Supplied information:
Start of Block

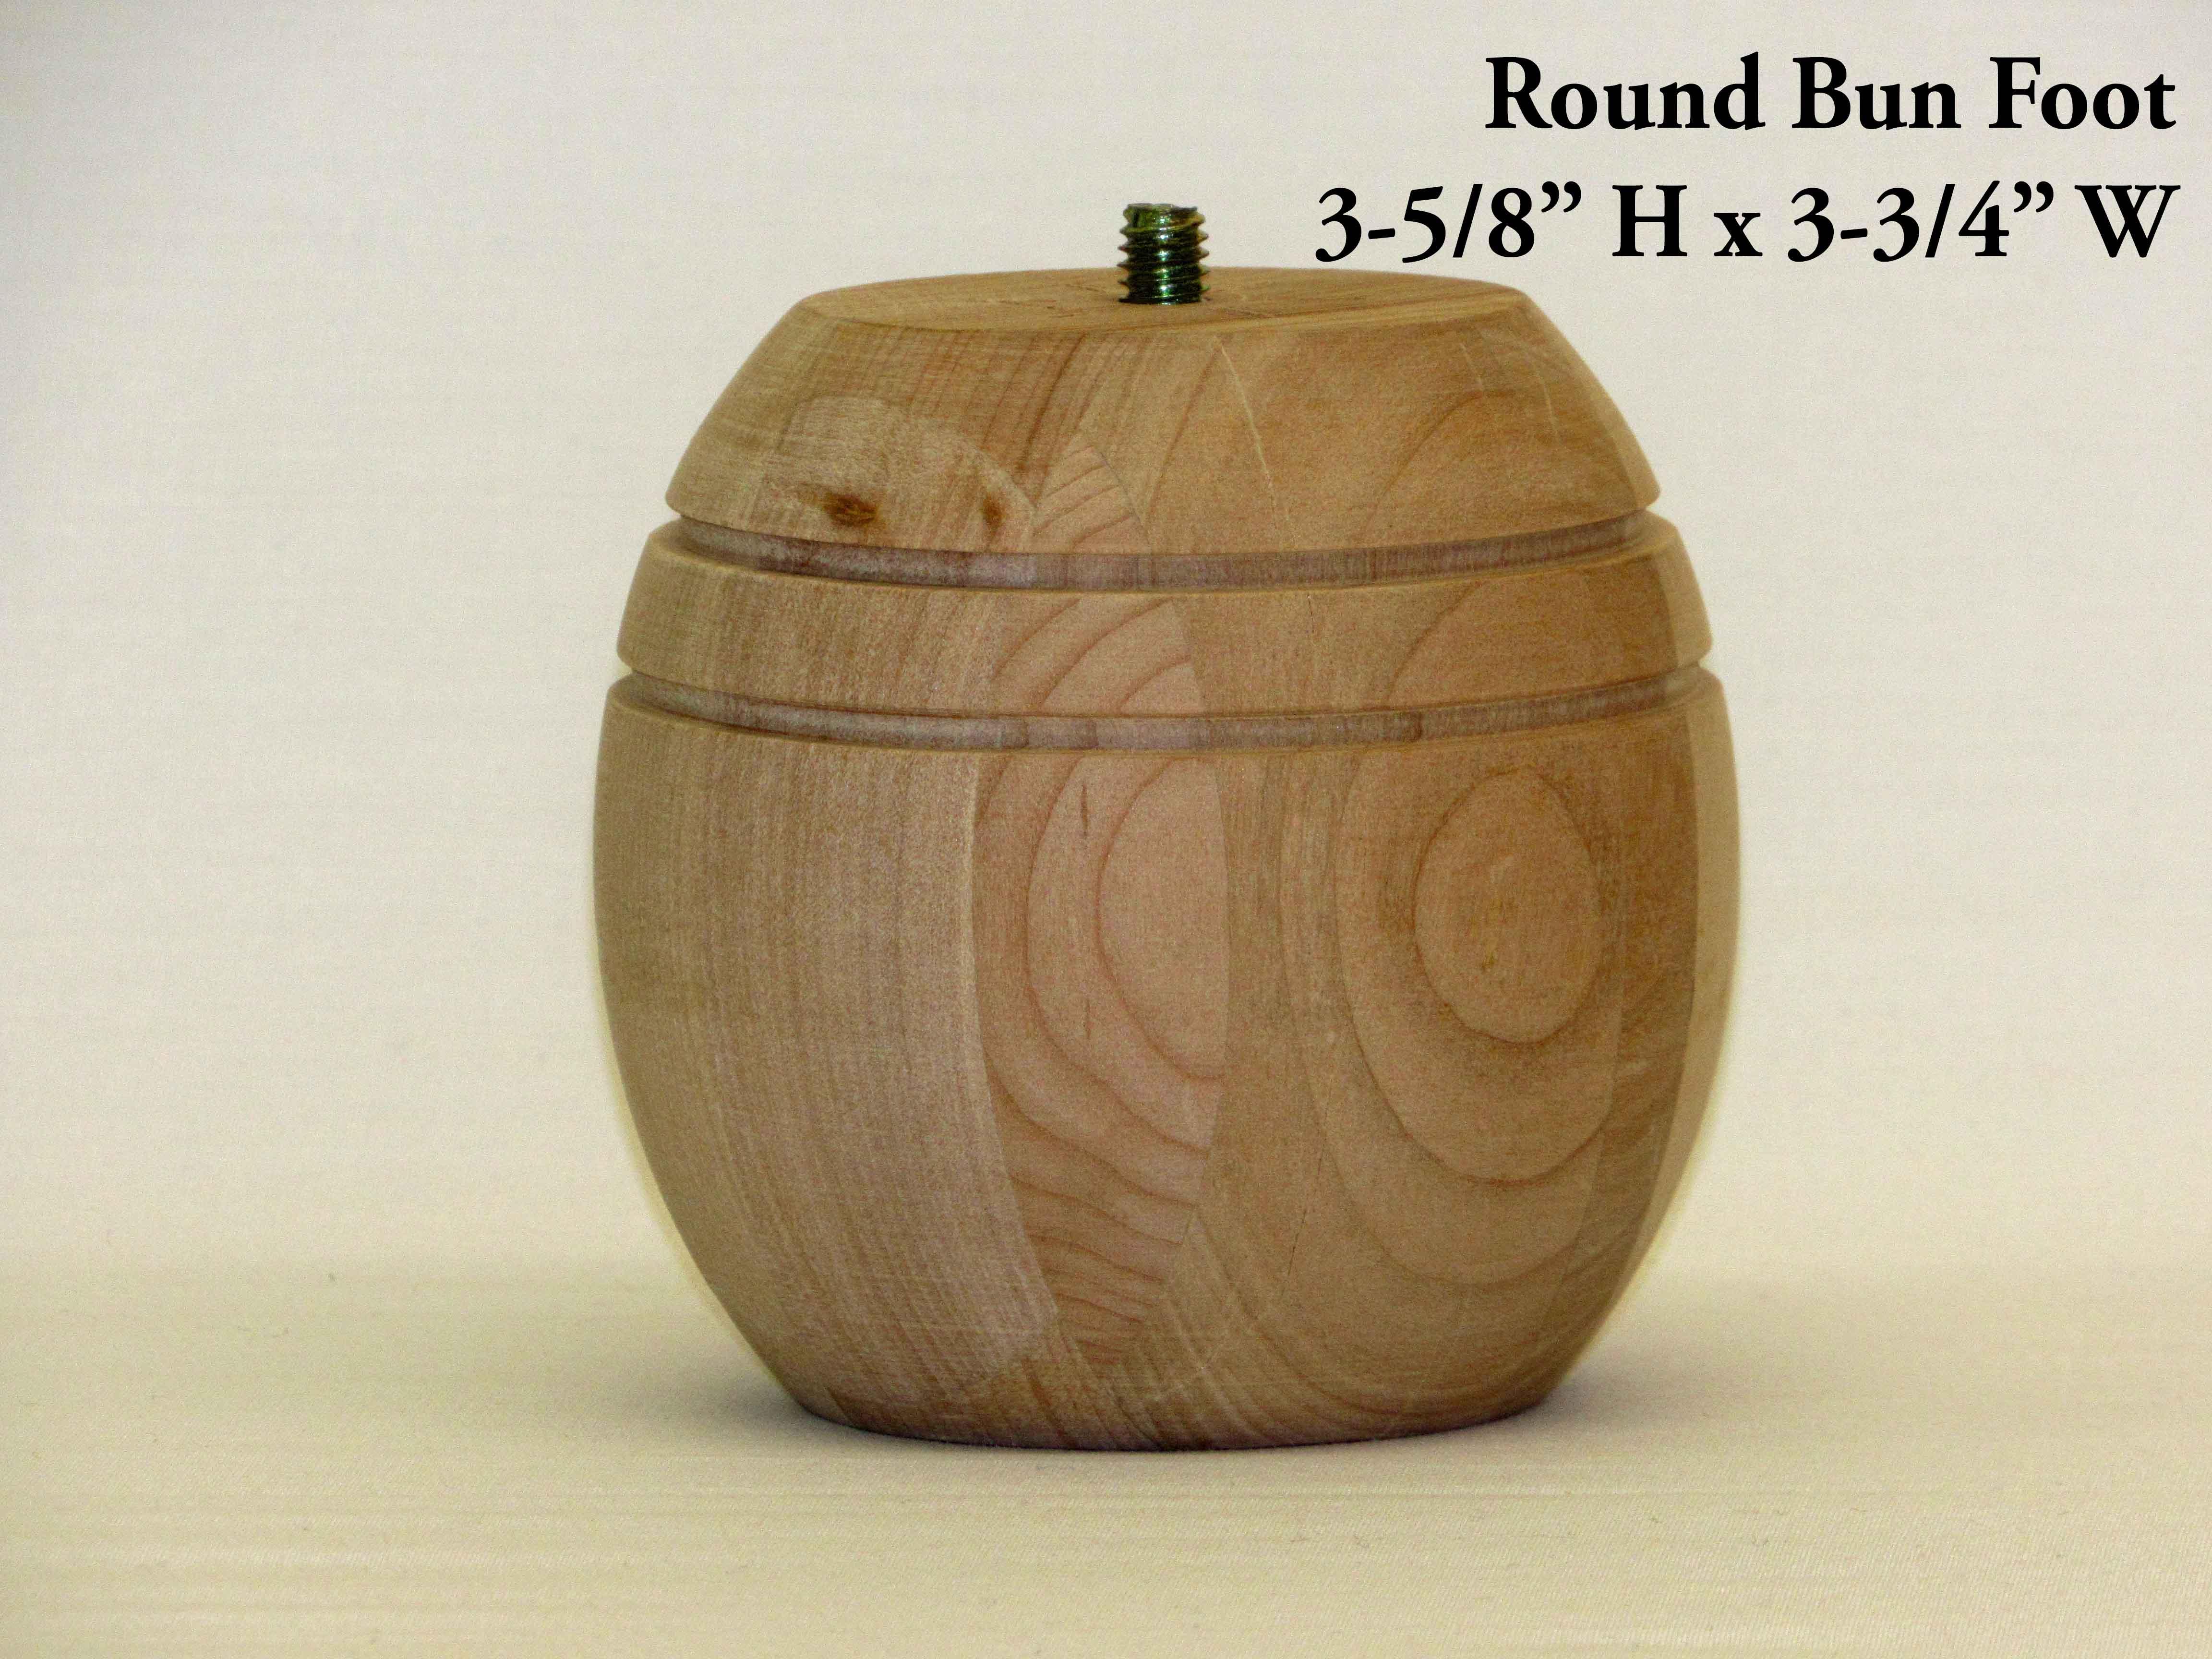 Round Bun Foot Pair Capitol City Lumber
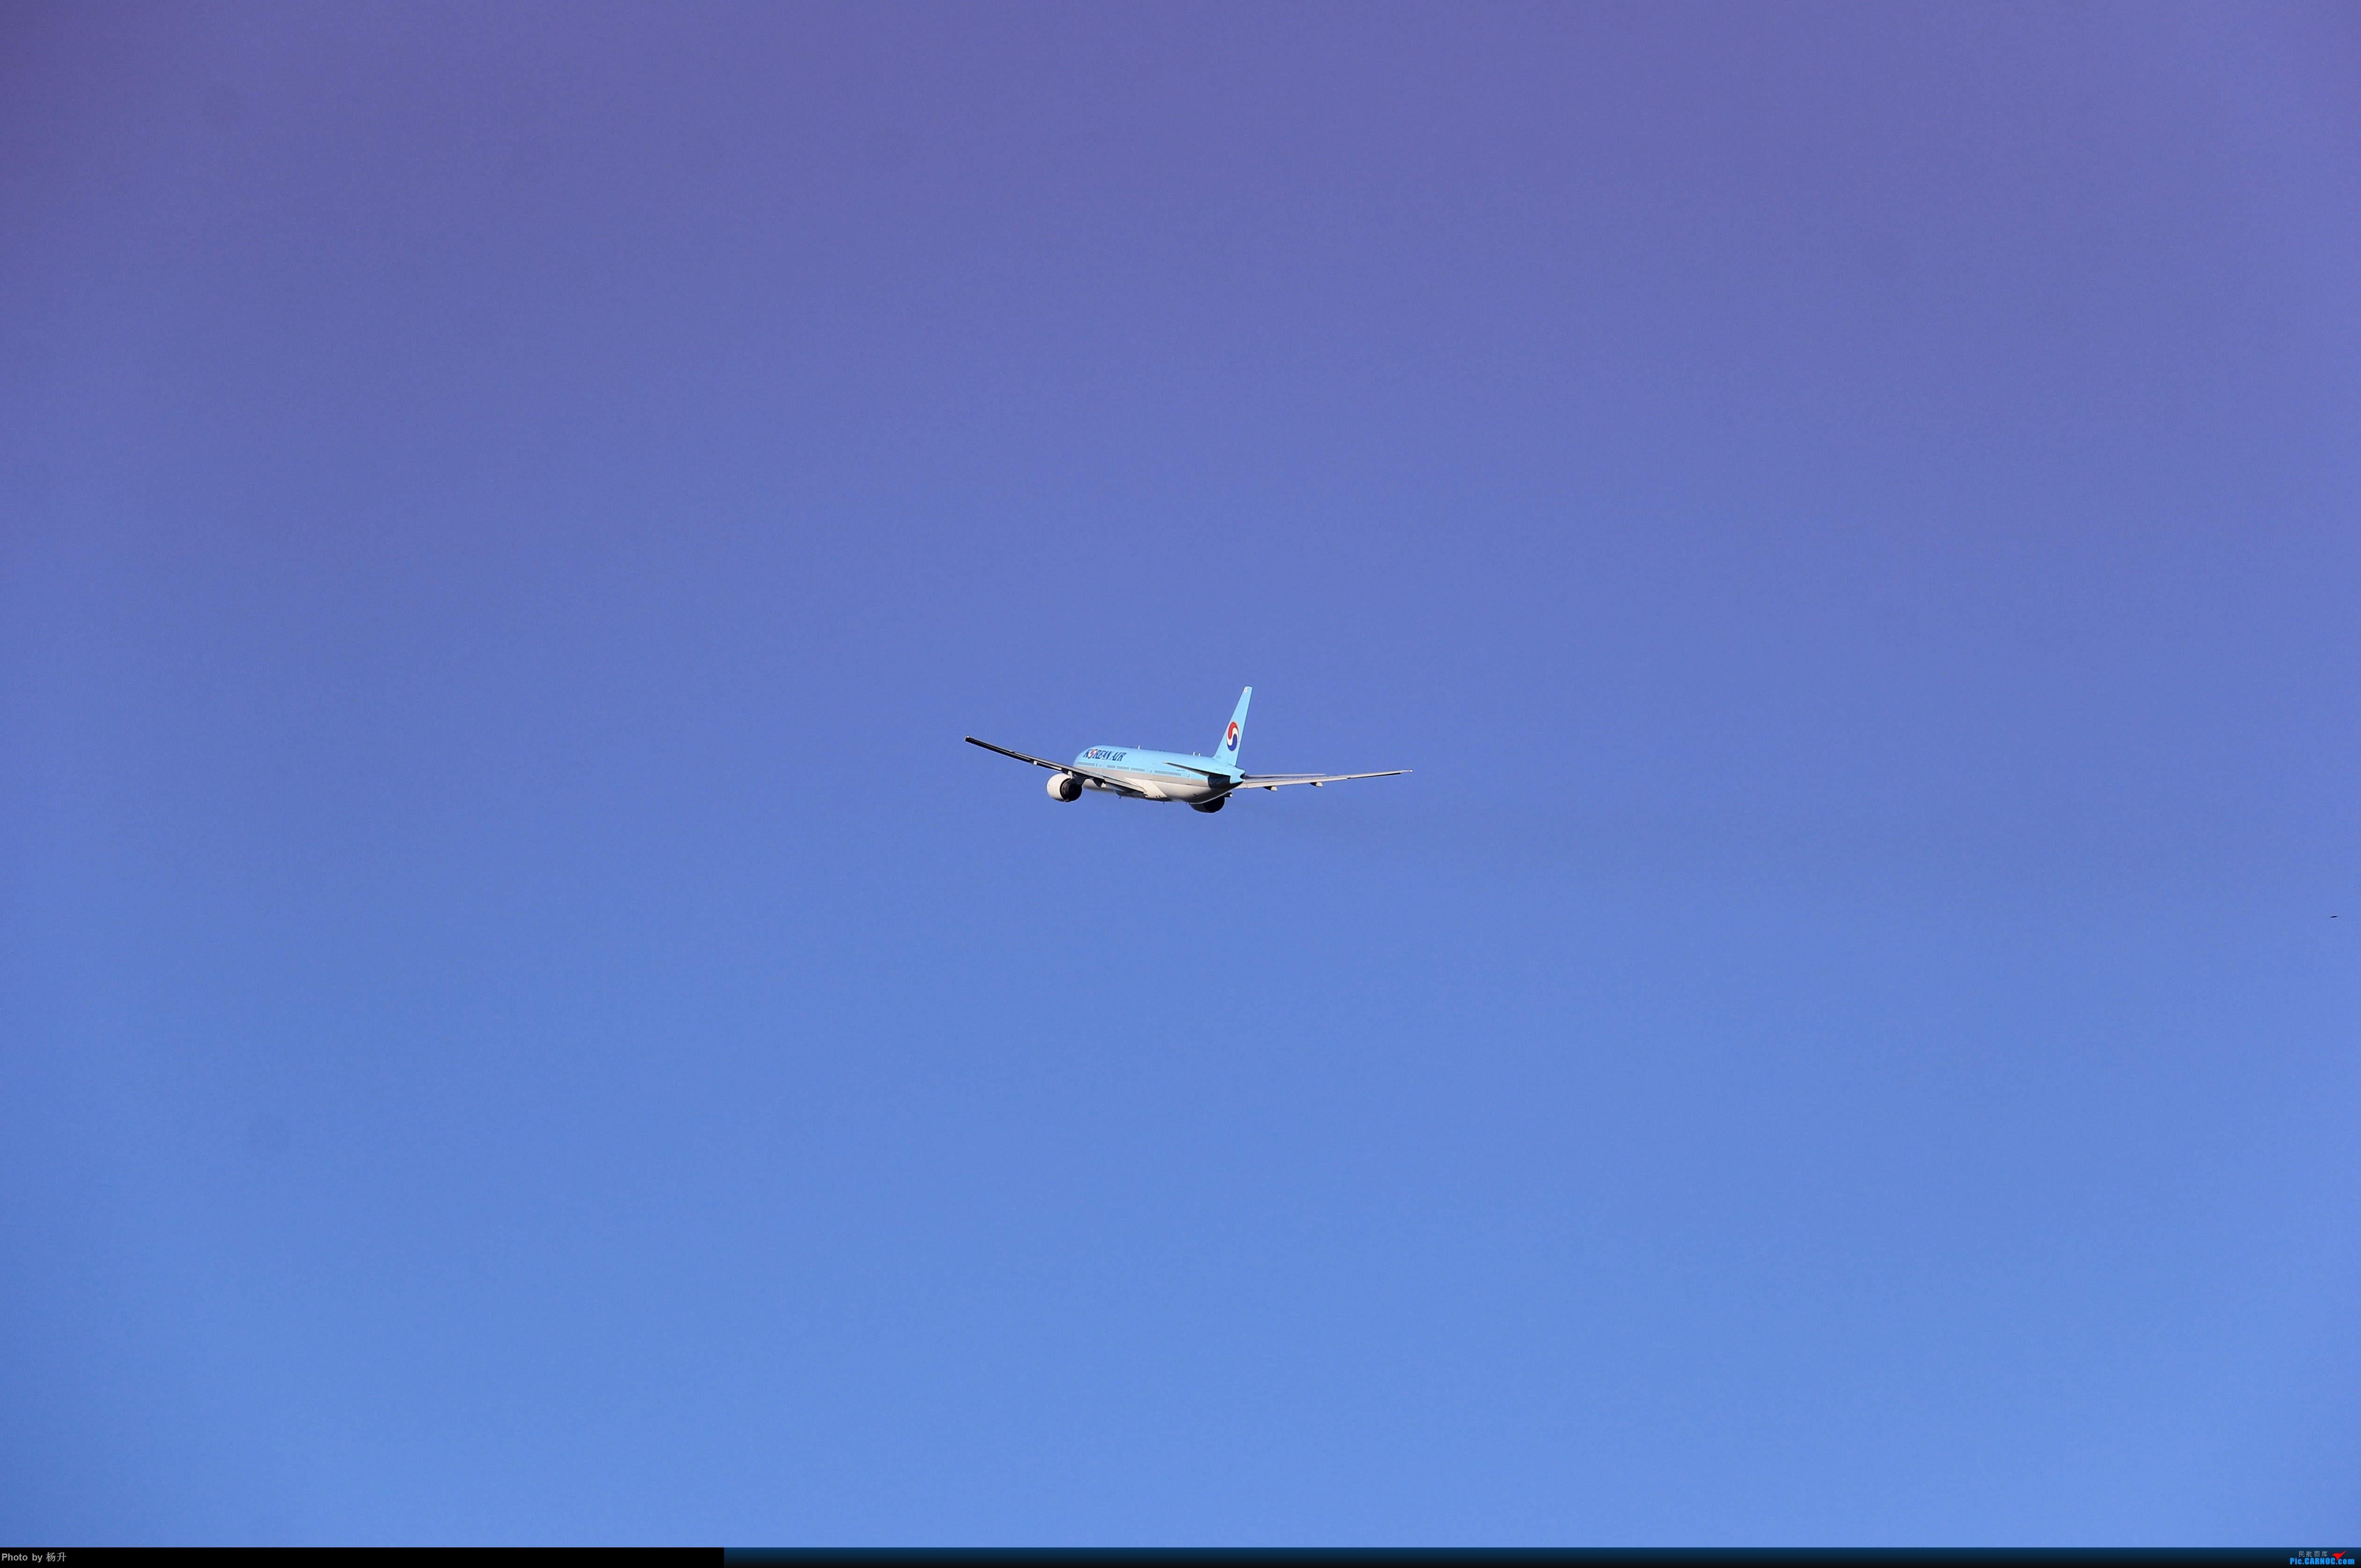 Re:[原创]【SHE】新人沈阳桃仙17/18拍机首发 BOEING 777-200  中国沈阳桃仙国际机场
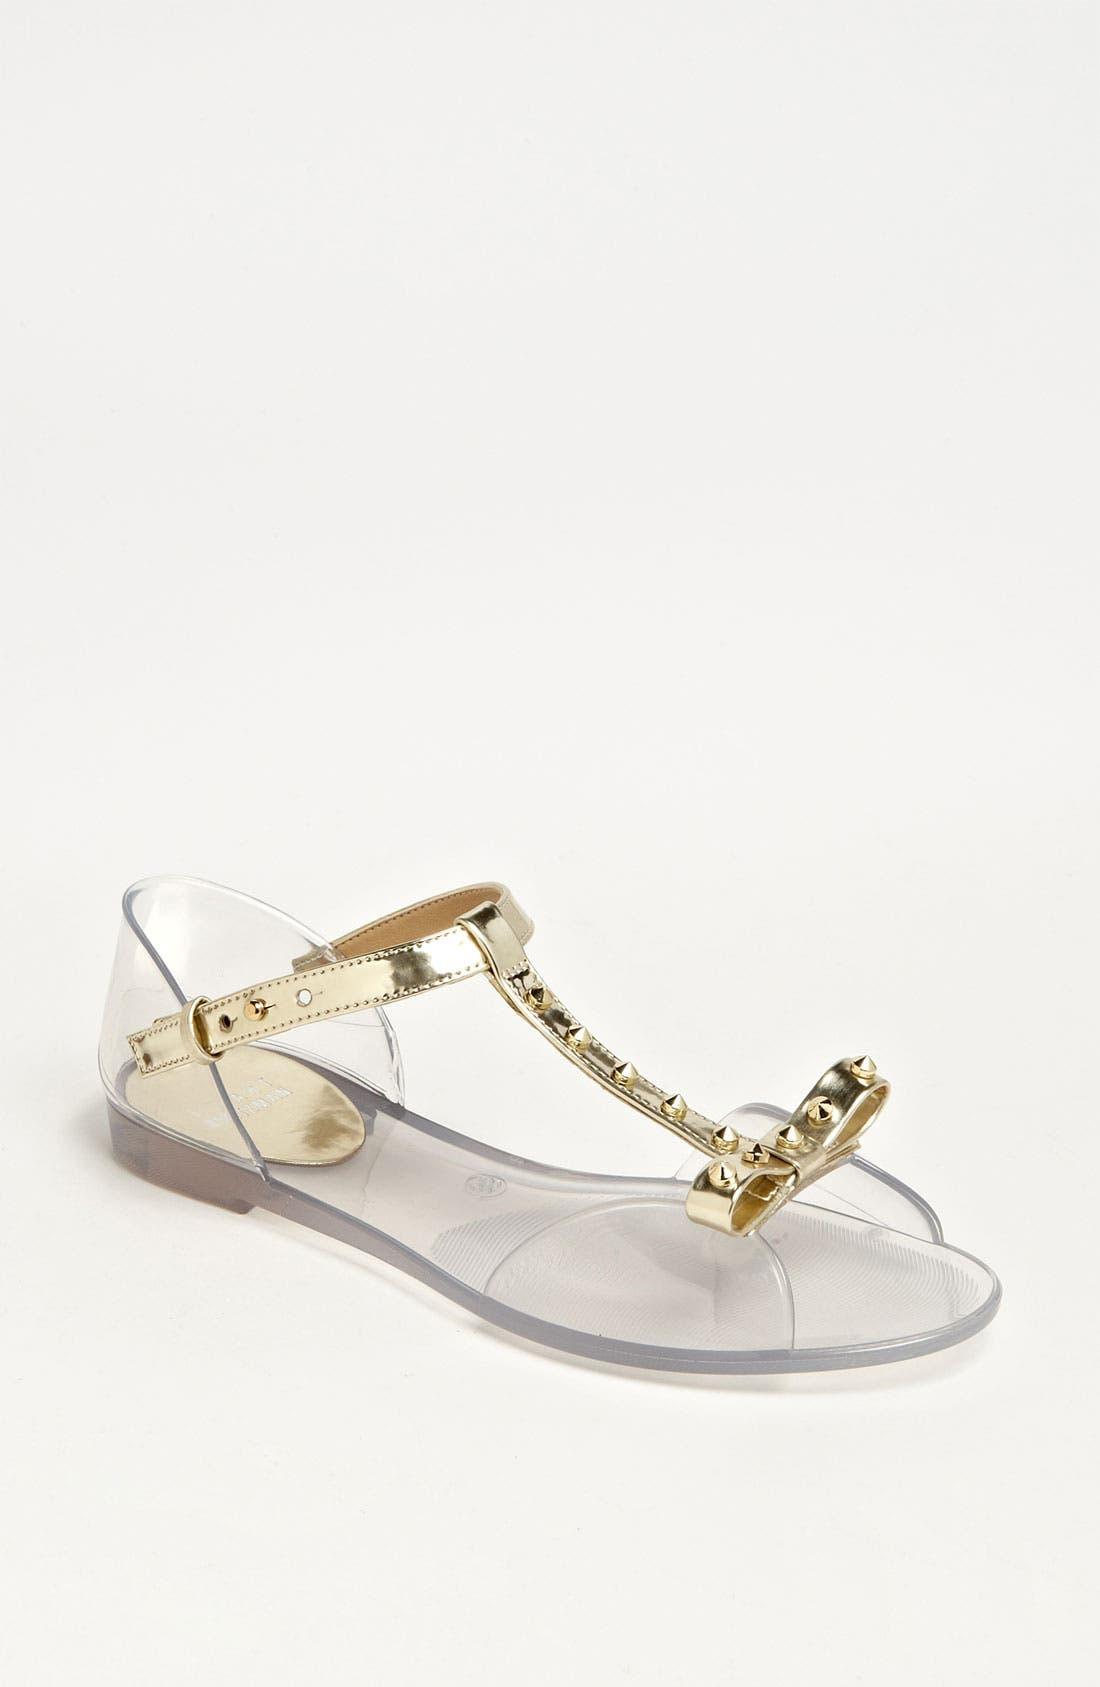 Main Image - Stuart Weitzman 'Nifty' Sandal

End of Block

Directions:
Output the data above exactly; pictures do not belong in the copy.

Answer box:
 Round Bun Foot Pair Capitol City Lumber
 Re:[原创]【SHE】新人沈阳桃仙17/18拍机首发 BOEING 777-200  中国沈阳桃仙国际机场
 Main Image - Stuart Weitzman 'Nifty' Sandal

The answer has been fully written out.